Assigned task
Print all the data below exactly, without images.

Data excerpt
^^^^^^^^^^^^^^^^
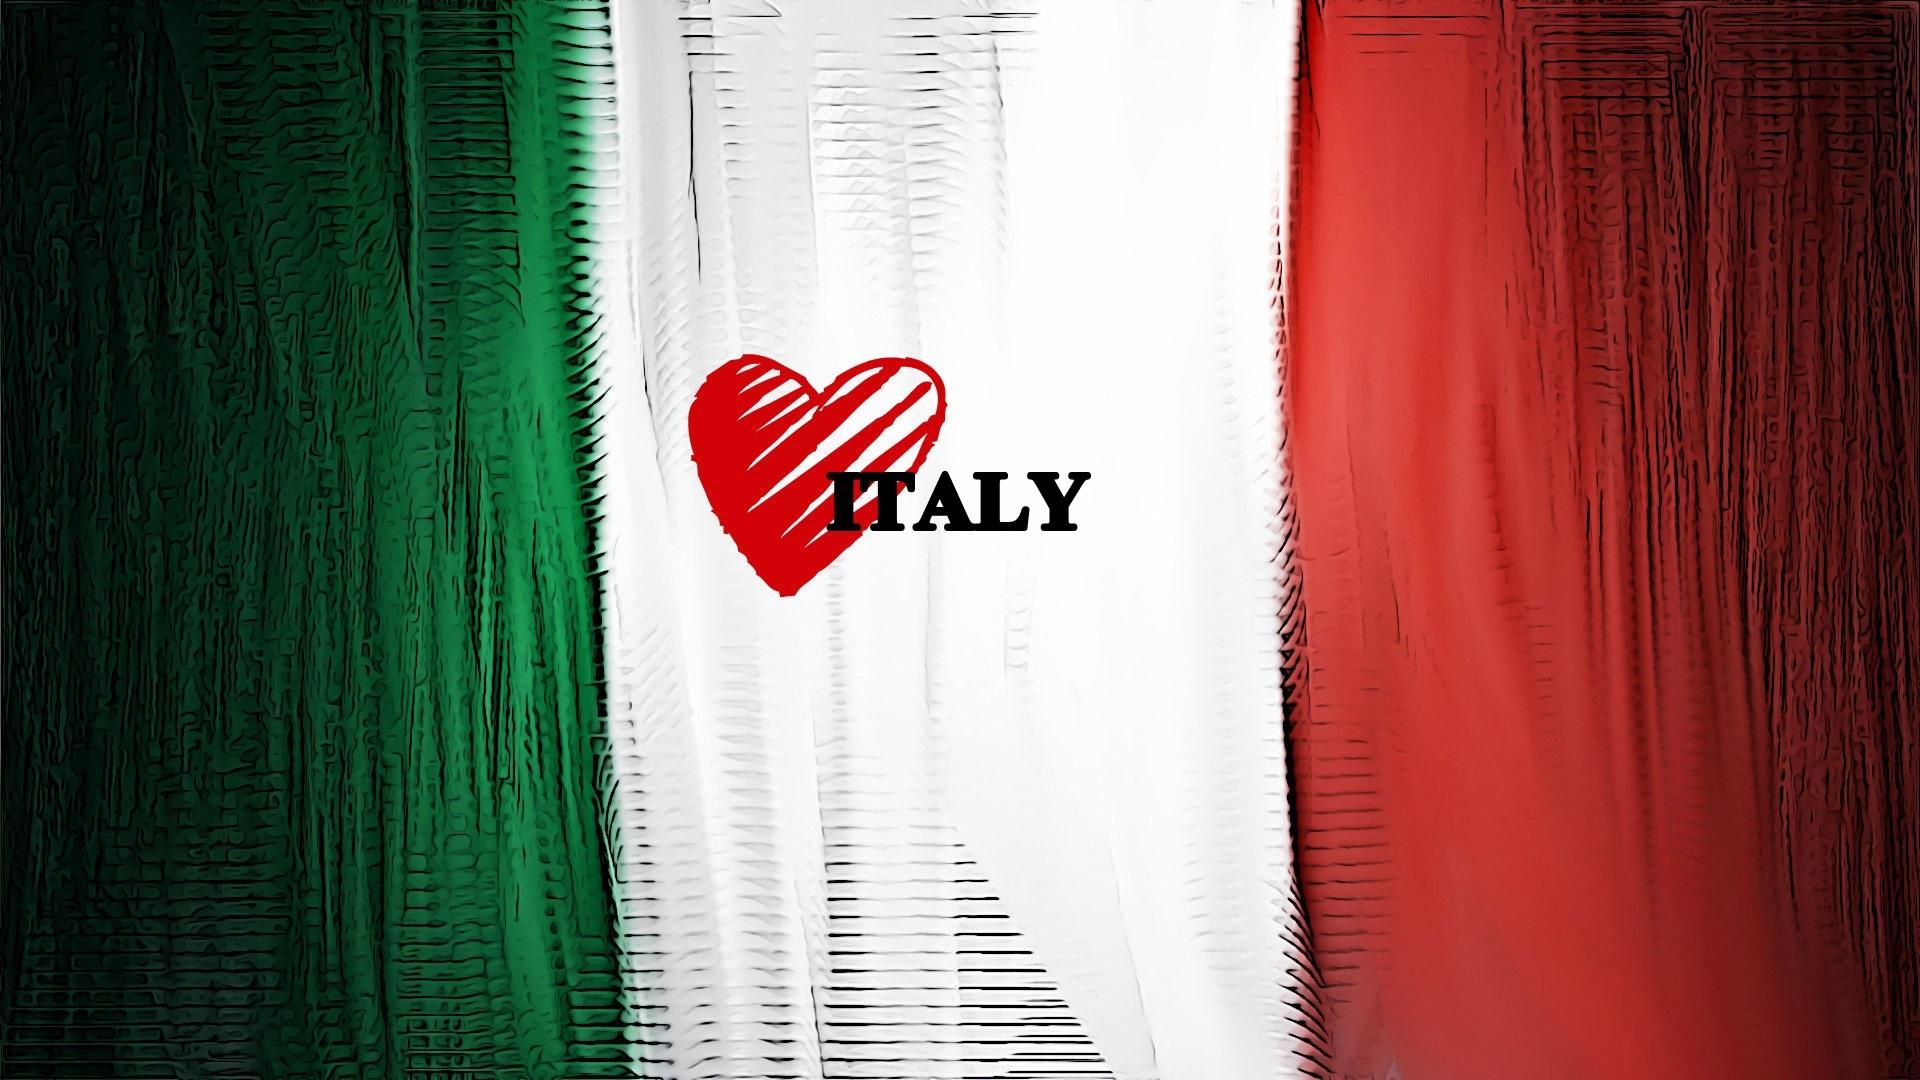 Смешные картинки про италию с надписями
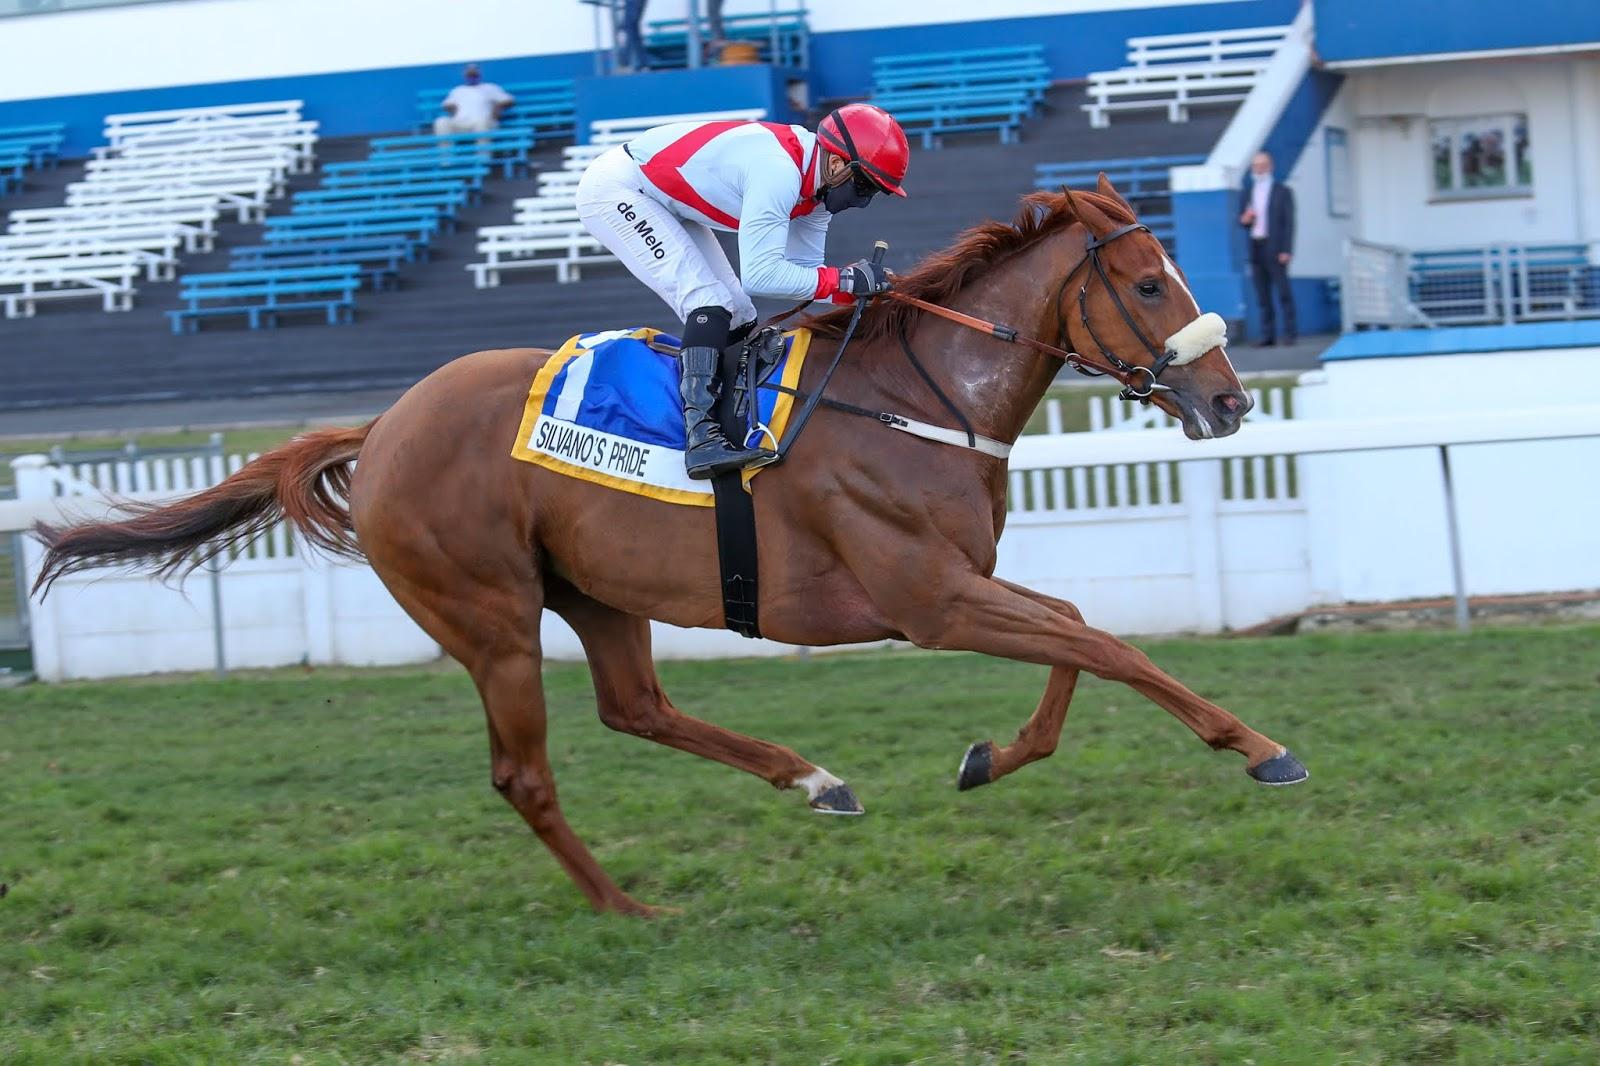 Vodacom Durban July 2020 Horse Profile - Silvano's Pride
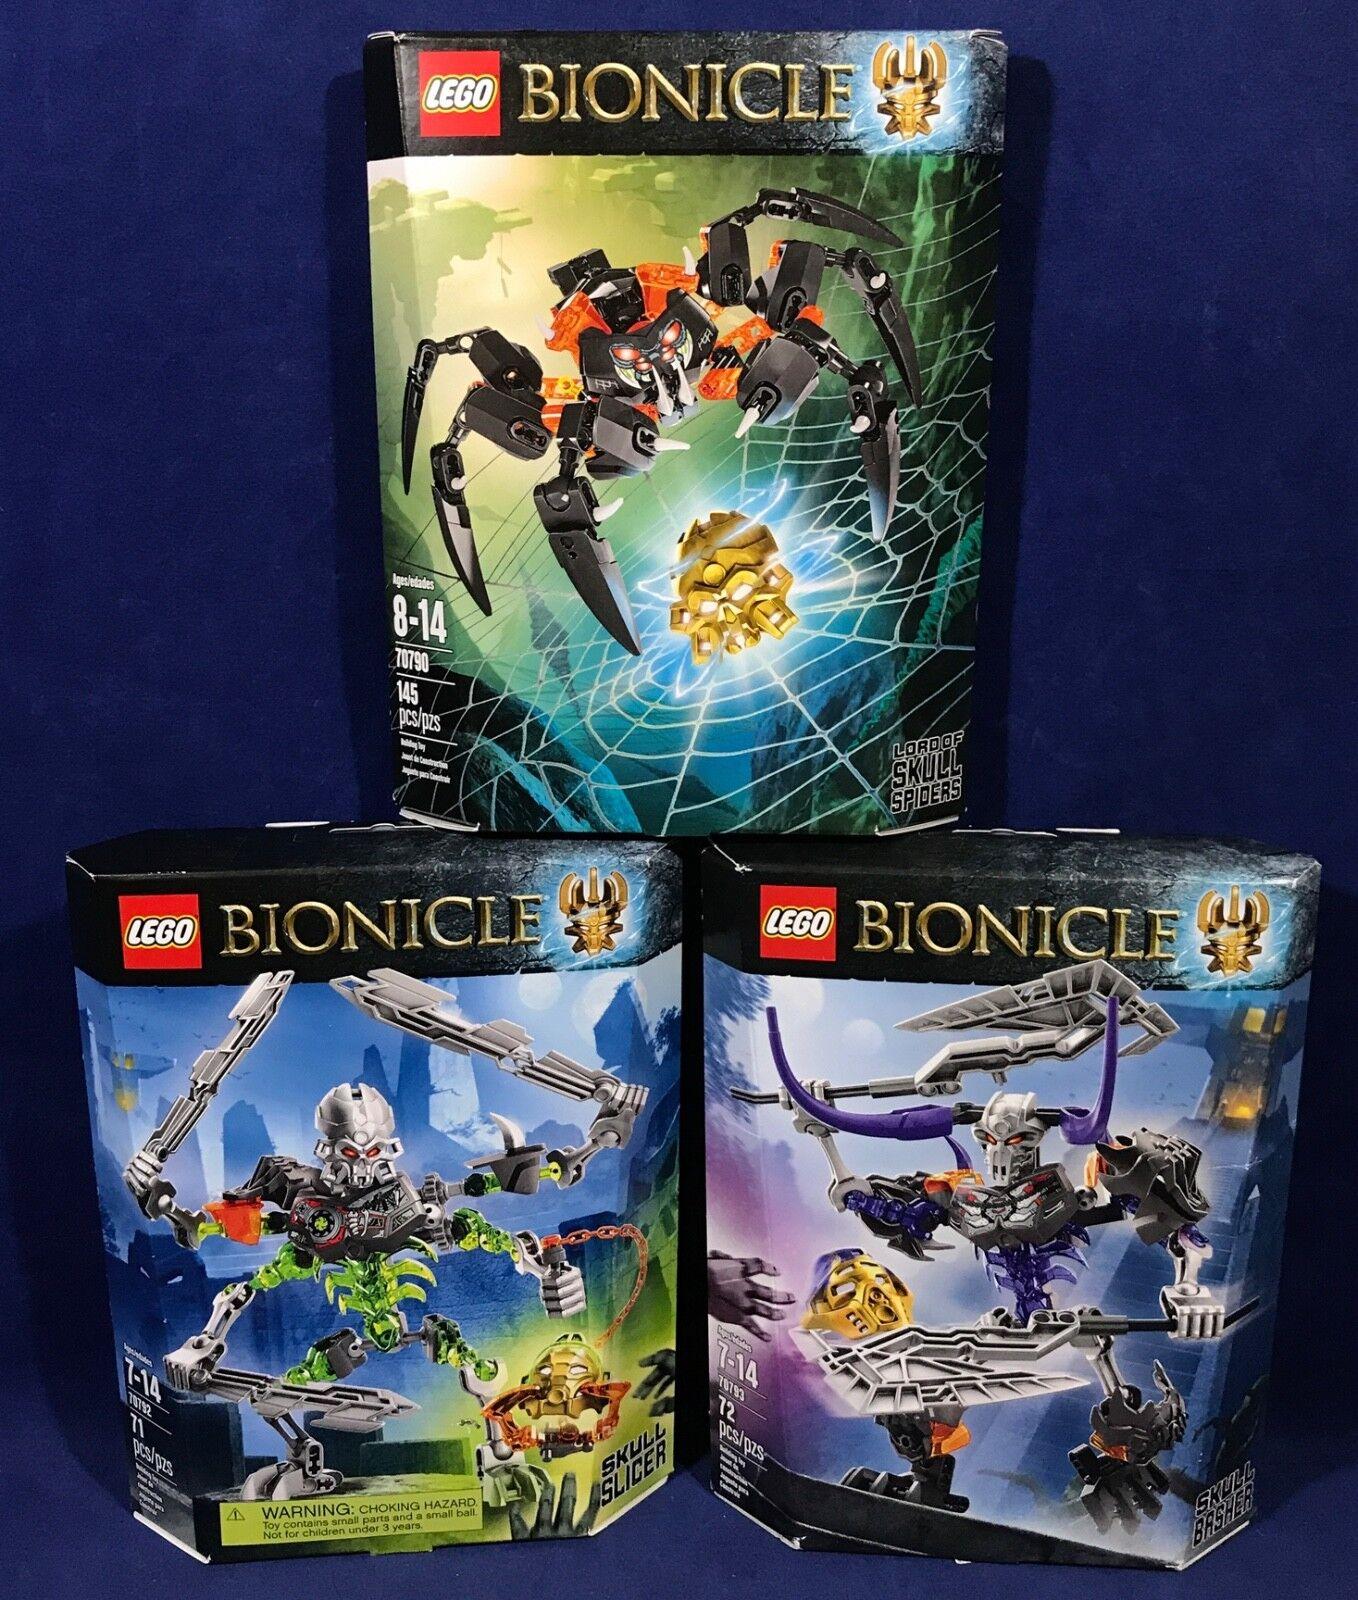 3 Neuf Lego Bionicle Lot 70790 70792 70793-Crâne Trancheuse Basher seigneur des araignées
^^^^^^^^^^^^^^^^
Written response
 Смешные картинки про италию с надписями
 Vodacom Durban July 2020 Horse Profile - Silvano's Pride
 3 Neuf Lego Bionicle Lot 70790 70792 70793-Crâne Trancheuse Basher seigneur des araignées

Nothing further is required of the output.